§ PROBLEM DESCRIPTION
Each line from the one containing "Nebula Round Lined Bifocal Glasses - Black" to the last line of the listing below is to be duplicated exactly, and no picture is to be carried over.

§ THE RECORDS
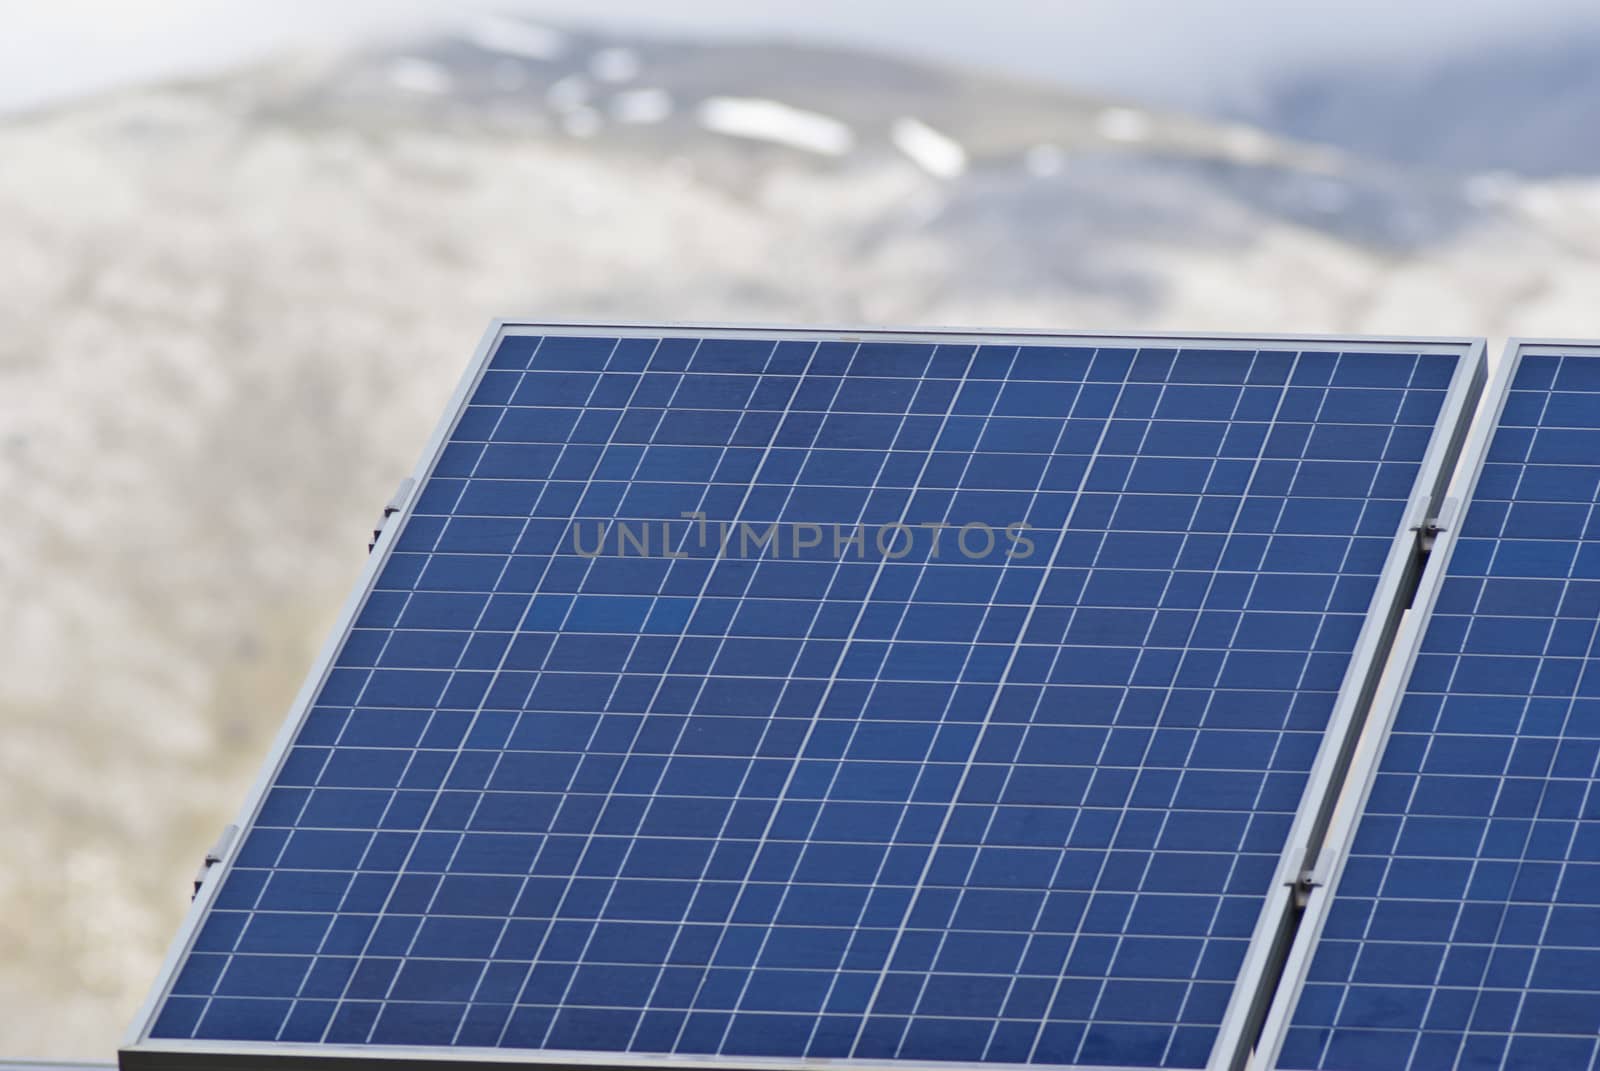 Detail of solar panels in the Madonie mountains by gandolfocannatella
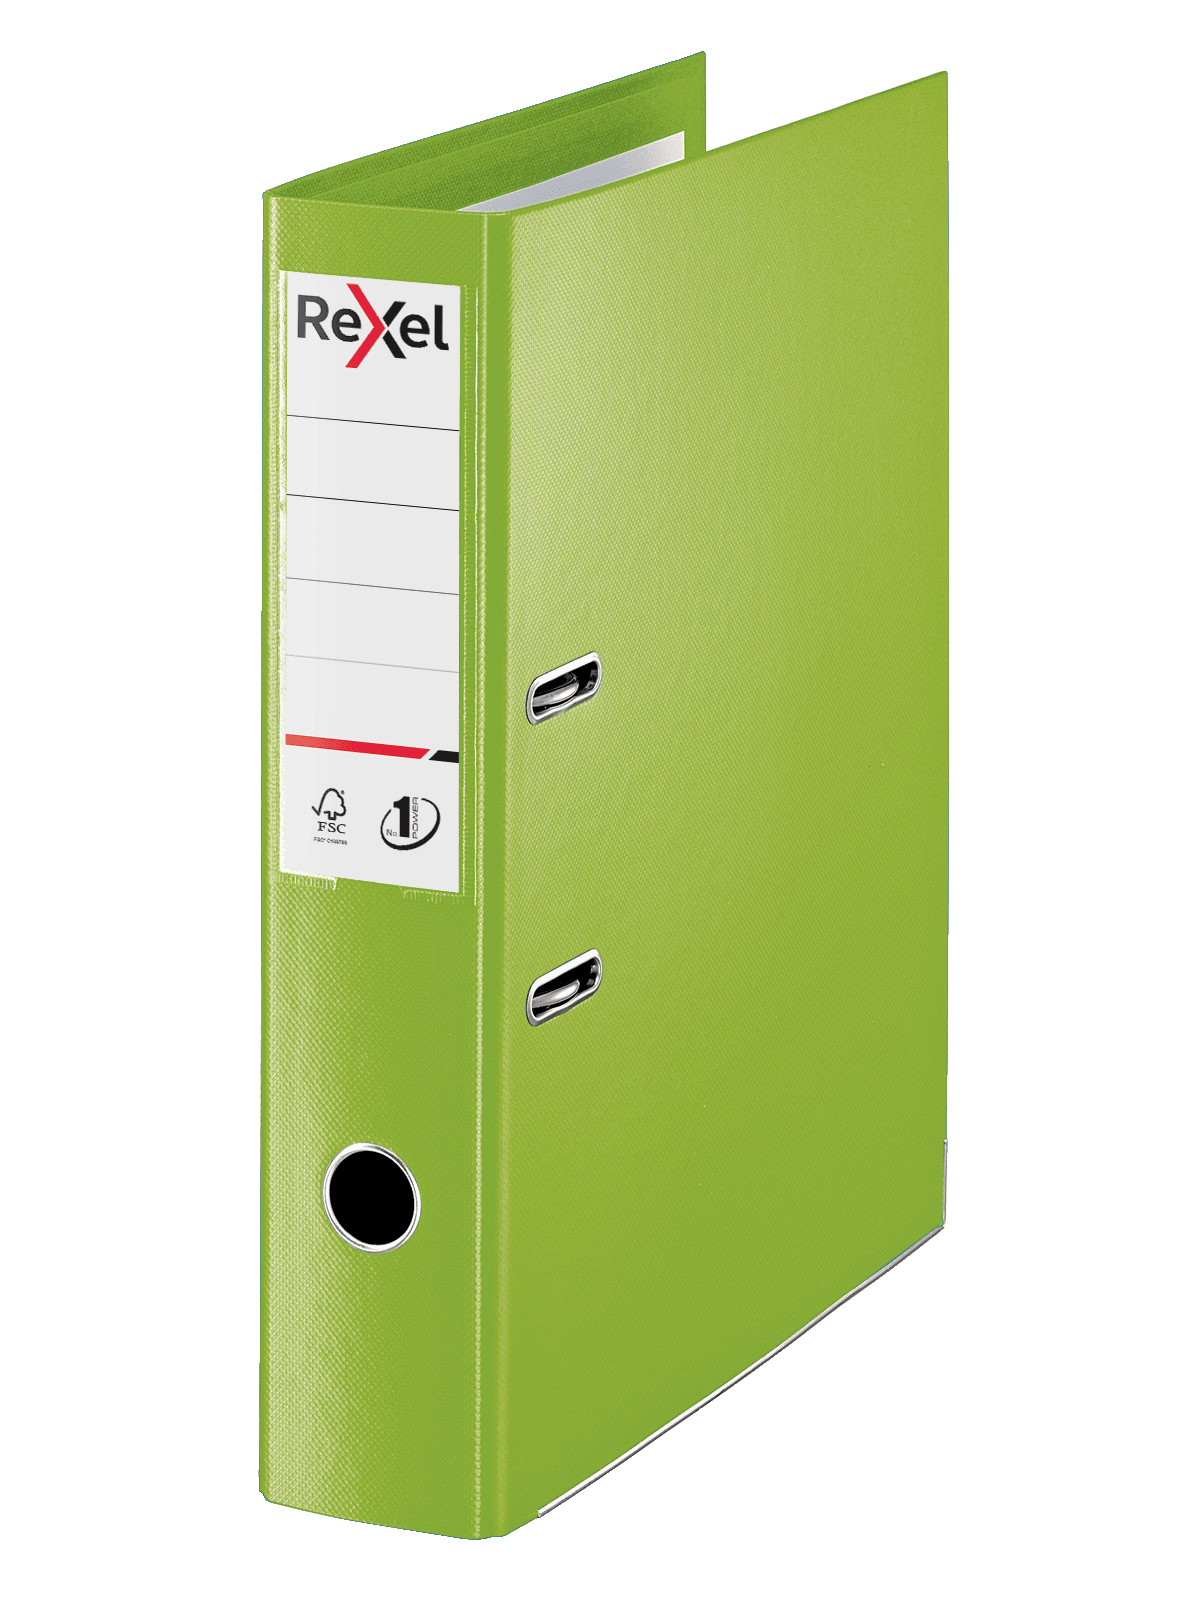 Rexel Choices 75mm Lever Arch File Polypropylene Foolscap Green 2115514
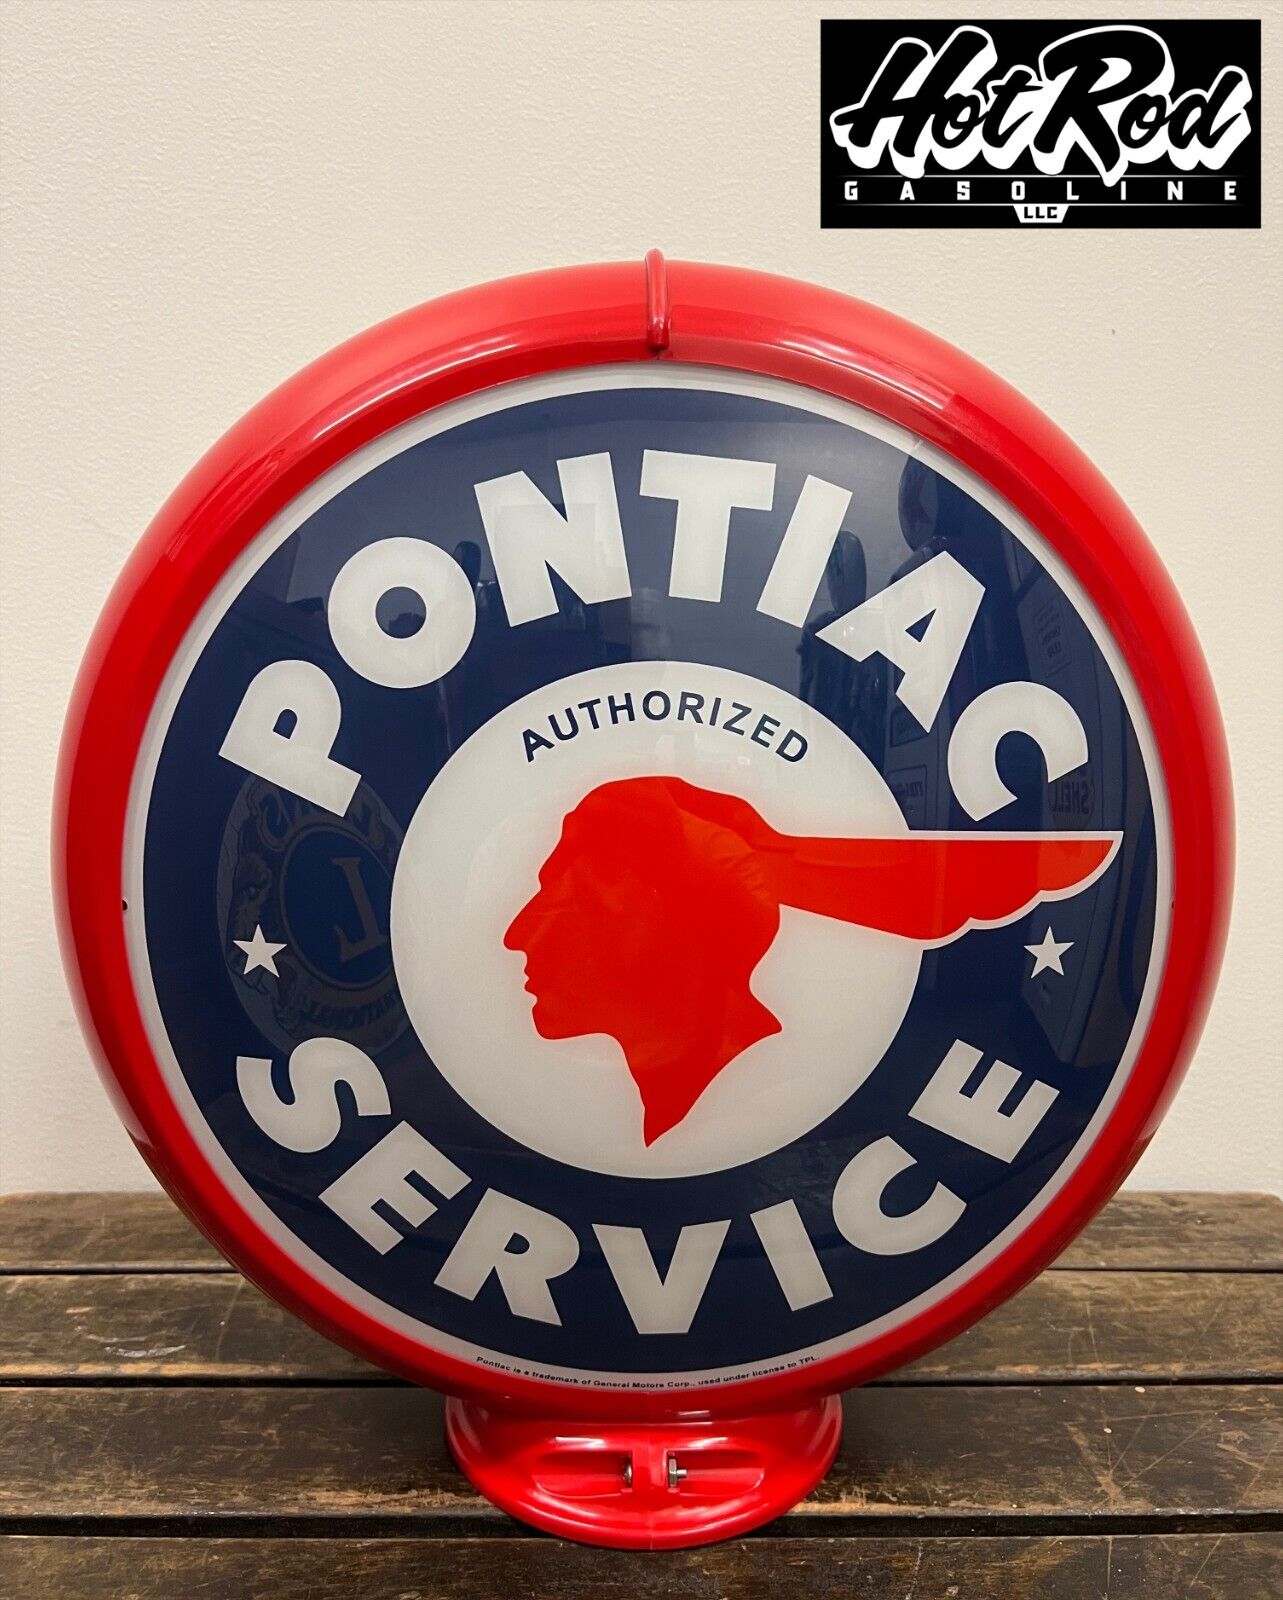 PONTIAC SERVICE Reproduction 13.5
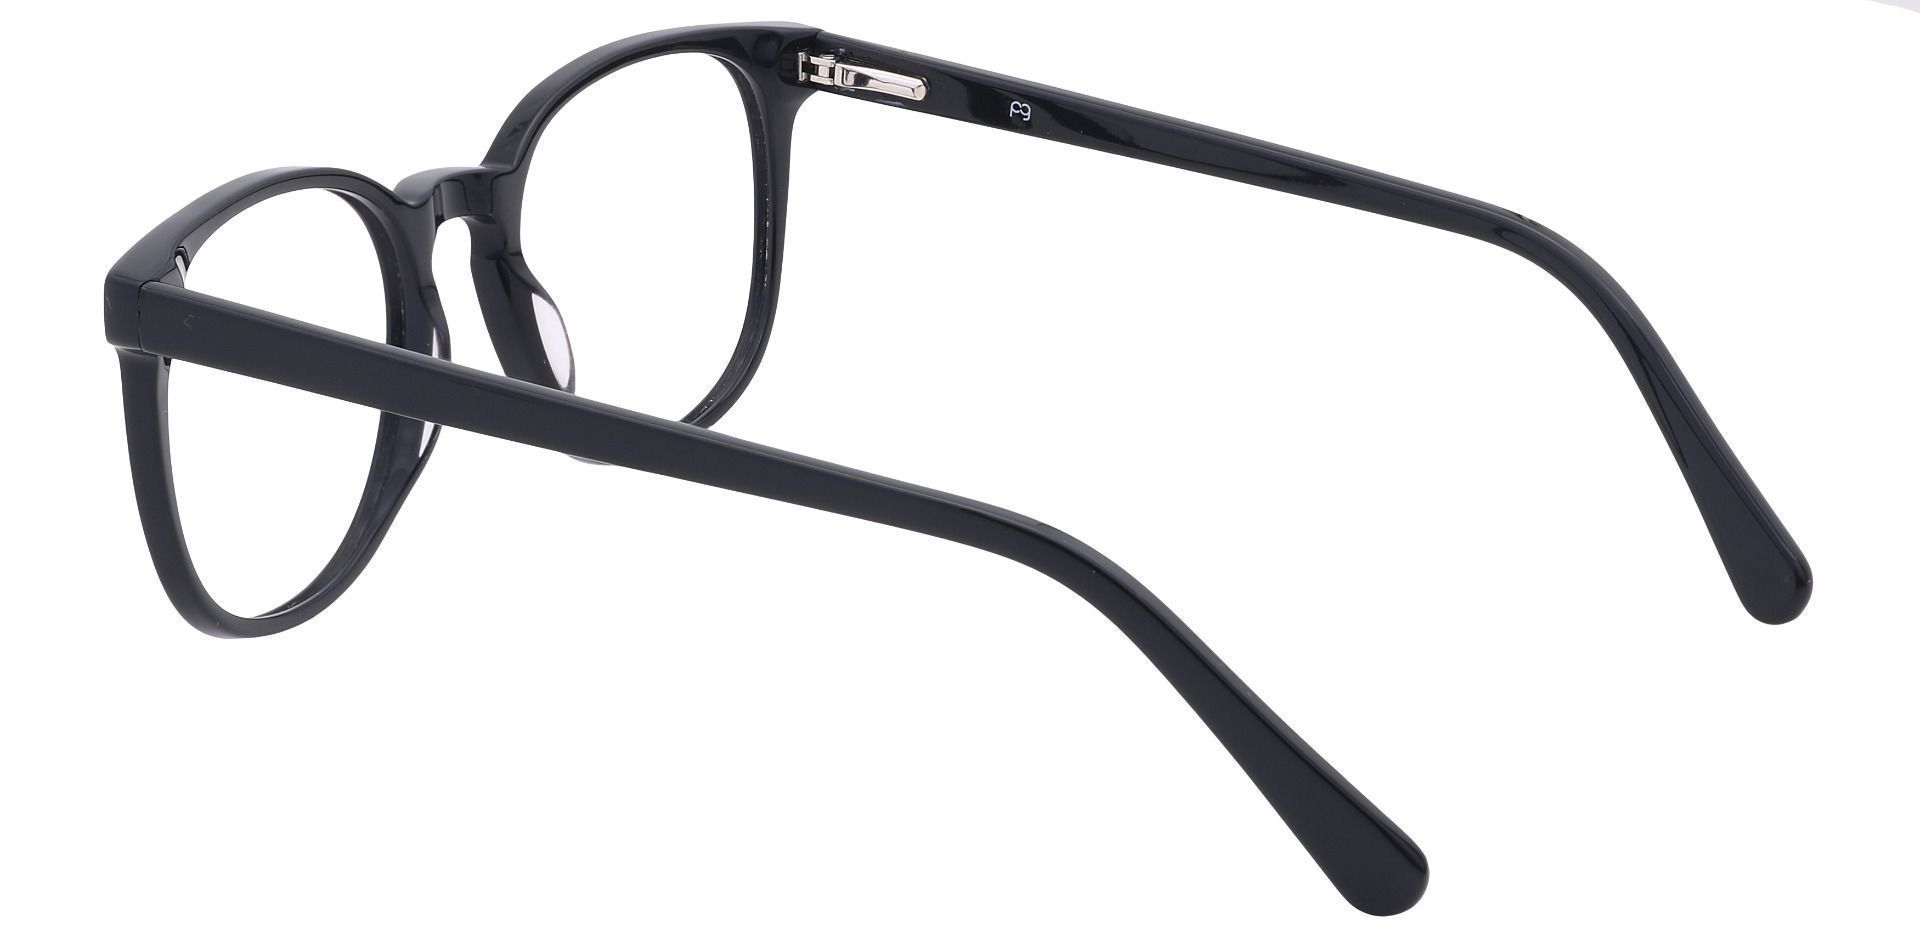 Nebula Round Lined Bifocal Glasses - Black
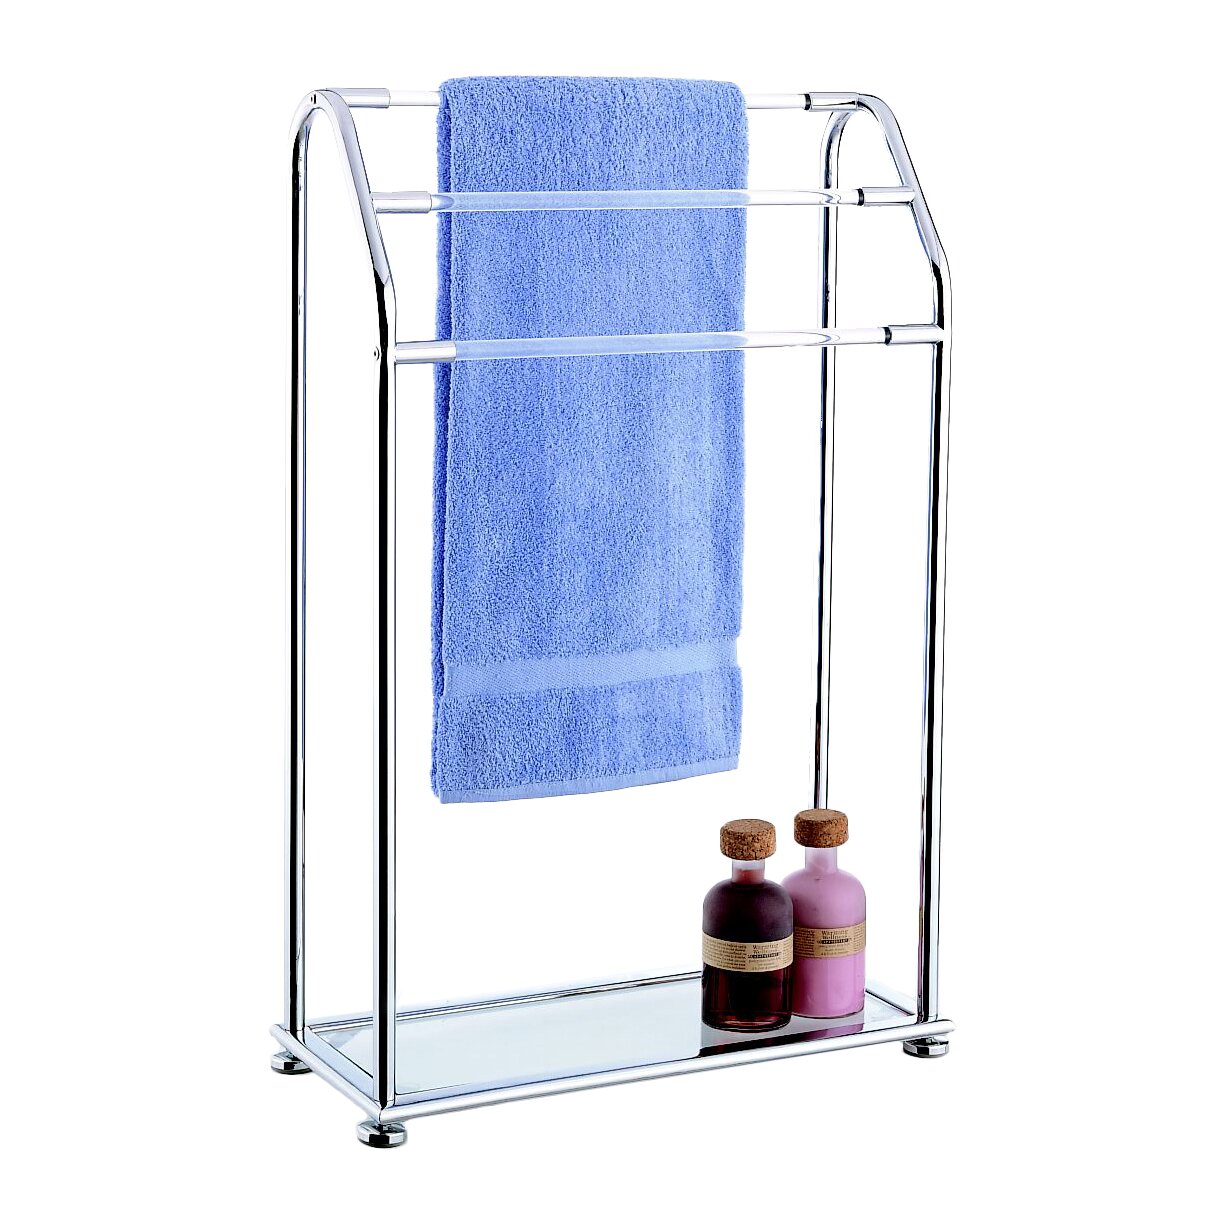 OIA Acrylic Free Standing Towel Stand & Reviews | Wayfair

§ RESPONSE TO THE EXERCISE
 Nebula Round Lined Bifocal Glasses - Black
 OIA Acrylic Free Standing Towel Stand & Reviews | Wayfair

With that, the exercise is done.